- A APA qualificou como abuso a imposição de não pôr chapéus-de-sol em frente às concessões de praia, e admitiu divulgar uma nota de esclarecimento até ao final da semana.
- A área concessionada é apenas aquela delimitada pelo rectângulo junto aos chapéus-de-sol; o resto da praia continua de uso livre.
- A agência vai retirar a sinalética que restringia o uso de chapéus-de-sol frente às concessões, para evitar confusões, especialmente no Algarve.

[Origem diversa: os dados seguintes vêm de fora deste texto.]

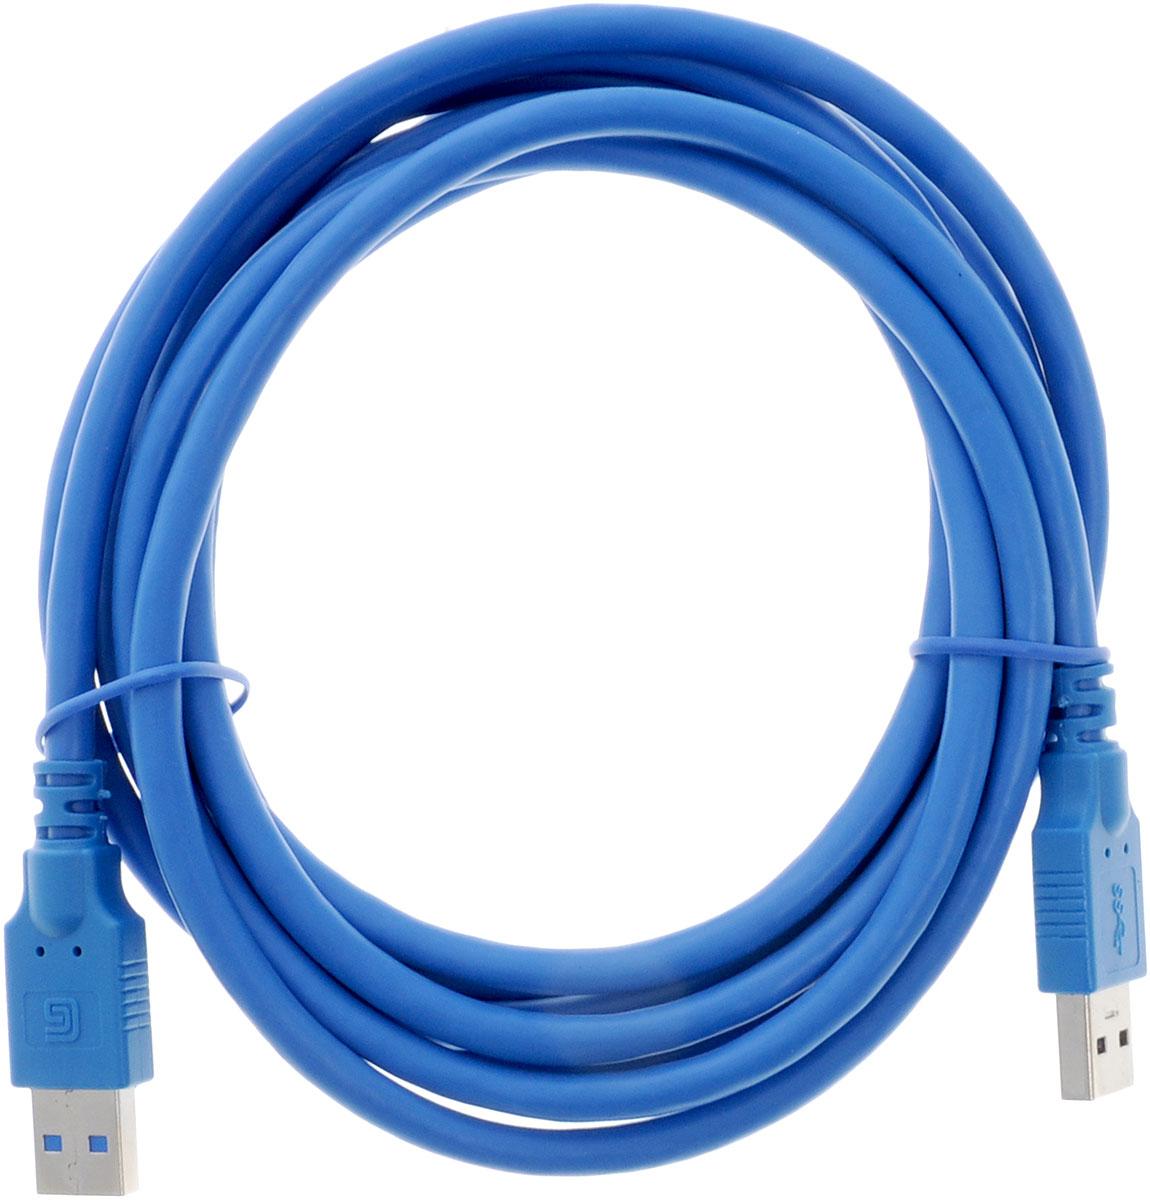 Greenconnect Premium GC-U3A01, Blue кабель USB 3 мGC-U3A01-3mКабель Greenconnect Premium GC-U3A01 используется для соединения ПК или ноутбука с периферийными устройствами: HD-DVD, принтер, внешний жесткий диск, Blu-ray и другими. Кабель имеет двойное экранирование (сочетание фольгированной и общей оплетки), что позволяет защитить сигнал при передаче от влияния внешних полей, способных создать помехи. Скорость передачи данных: до 5 Гбит Тип оболочки: PVC (ПВХ)Совместимость: USB 3.0/2.0/1.1

- A ministra do Ambiente, Maria da Graça Carvalho, reiterou que as praias são bens públicos e que os concessionários devem cumprir as regras definidas pelas autoridades; o esclarecimento será acompanhando no terreno.
- Hoje, junto à praia do Garrão, foi concluída a operação de reposição de areia naquele troço costeiro, com cerca de sete quilómetros, e prevê-se reforço adicional de 620 mil metros cúbicos de areia nos próximos 15 dias, sem prejudicar a abertura da época balnear a 1 de junho.
O arranque oficial da época balnear está marcado para 1 de Junho, com a APA a classificar uma prática de colocar chapéus-de-sol em frente às concessões como um abuso. A entidade promete divulgar uma nota de esclarecimento ainda nesta semana.
Durante uma visita da ministra do Ambiente à Praia do Garrão, em Loulé, o presidente da Agência Portuguesa do Ambiente, José Pimenta Machado, reforçou que apenas a área delimitada pelo rectângulo concessionado está sujeita a encargos. O restante é, afirma, de uso livre.
A APA deverá emitir até ao final da semana orientação para uniformizar a interpretação das regras junto de municípios, concessionários e da Autoridade Marítima. A ideia é reduzir a confusão existente no Algarve, que não se verifica noutras regiões do país.
Ambiente e regras
Maria da Graça Carvalho sublinhou que as praias são espaços públicos e que os concessionários devem cumprir as regras definidas pelas autoridades. Banhistas podem colocar chapéus-de-sol frente às concessões, desde que respeitem as áreas concessionadas.
O presidente da APA e a ministra estiveram no Garrão para assinalar a conclusão da reposição de areia num troço costeiro de cerca de sete quilómetros. Ainda estão previstas firmas de reforço com cerca de 620 mil m³ de areia nos próximos 15 dias, sem afetar a época balnear.
A ministra destacou que as praias são públicas e a APA acompanhará a aplicação do esclarecimento no terreno assim que for emitido. O objetivo é assegurar claridade entre concessionários, municípios e a Autoridade Marítima.